When Wotaly Lost Its Database: 5 Days of Downtime and the Hard Lessons We Took
No alerts. No warnings. Just silence - and suddenly, a month’s worth of data from over 900 active users of Wotaly was almost entirely gone.
This is not a hypothetical. This is what actually happened to Wotaly not long ago.
What Happened
Wotaly is a social platform for idol fan communities that we had recently launched. Early growth was encouraging: in under a month, nearly a thousand users had registered organically, without any paid advertising. Our database was hosted on a managed PostgreSQL service from a local cloud provider.
On April 9th at around 4:27 AM, our billing balance ran out entirely.
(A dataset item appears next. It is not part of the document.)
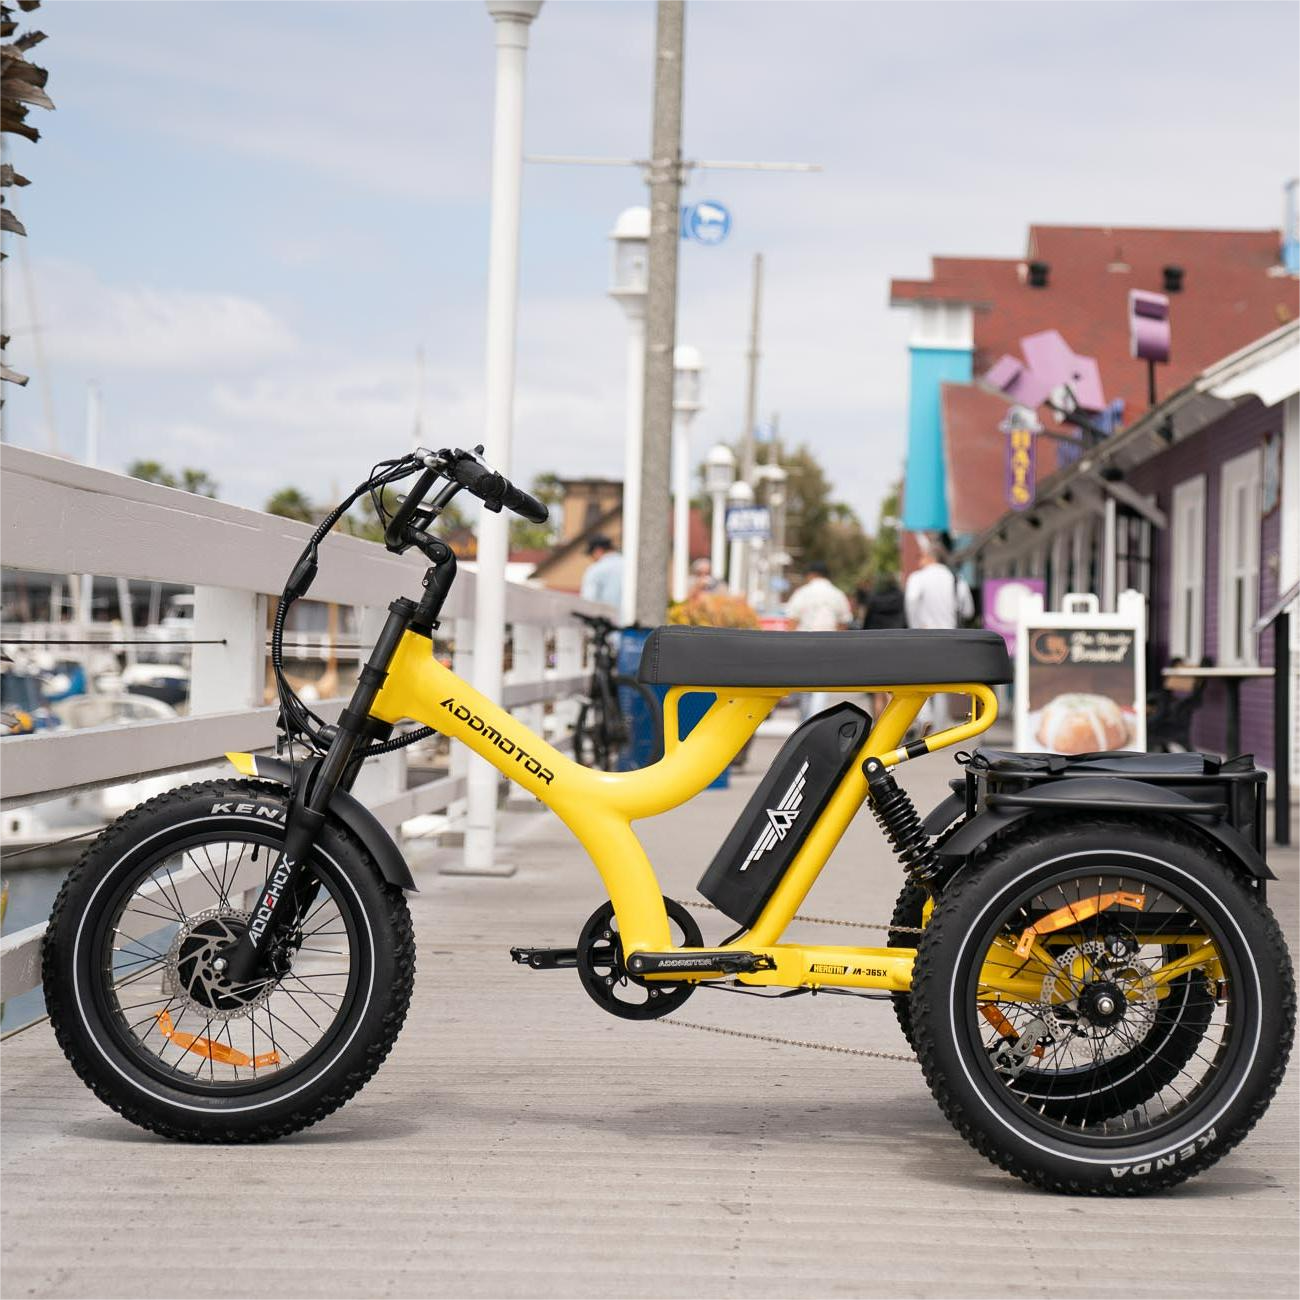 The Addmotor M-365x Electric Tricycle: A Unique Blend of Comfort, Performance, and Style

We were not aware of this at the time - there was no alert, and nothing on our end indicated the service was in trouble. By 8:16 PM that same evening, we had topped up the balance, roughly 16 hours after it had depleted. Worth noting: the balance had actually gone into negative territory before hitting zero, meaning the service was already running on borrowed time before we noticed. That detail matters - it tells us the provider’s system was designed to tolerate negative balances rather than immediately cutting off the service.
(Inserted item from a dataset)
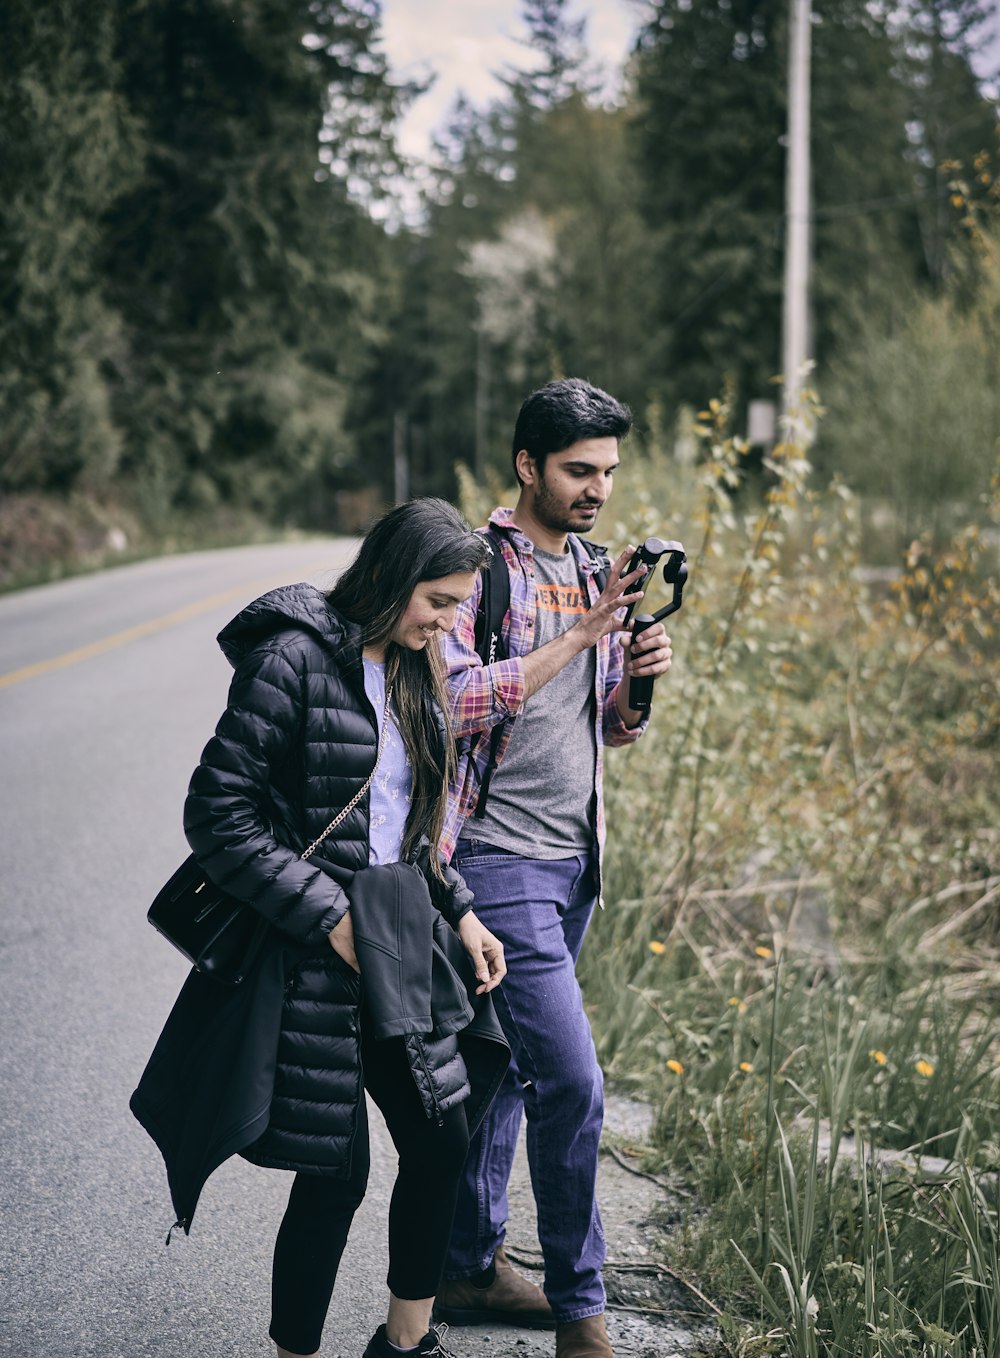 a man and woman taking a picture together on a road

At the same time, the provider was performing an infrastructure upgrade: a Software Defined Network (SDN) stack update in the Jakarta-South region. This caused instability in Virtual Private Cloud (VPC) connections, manifesting as random disconnects lasting several minutes.
We believe the combination of these two conditions is what triggered the incident - a critically low balance coinciding with network instability on the provider’s side. When the service came back online after we topped up the balance, only 26 rows remained in the users table. Nearly all user data was gone, and the database had effectively reverted to its initial state.
Wotaly was offline for 5 days. Not because of a server outage or a critical bug, but because there was practically no user data left to serve.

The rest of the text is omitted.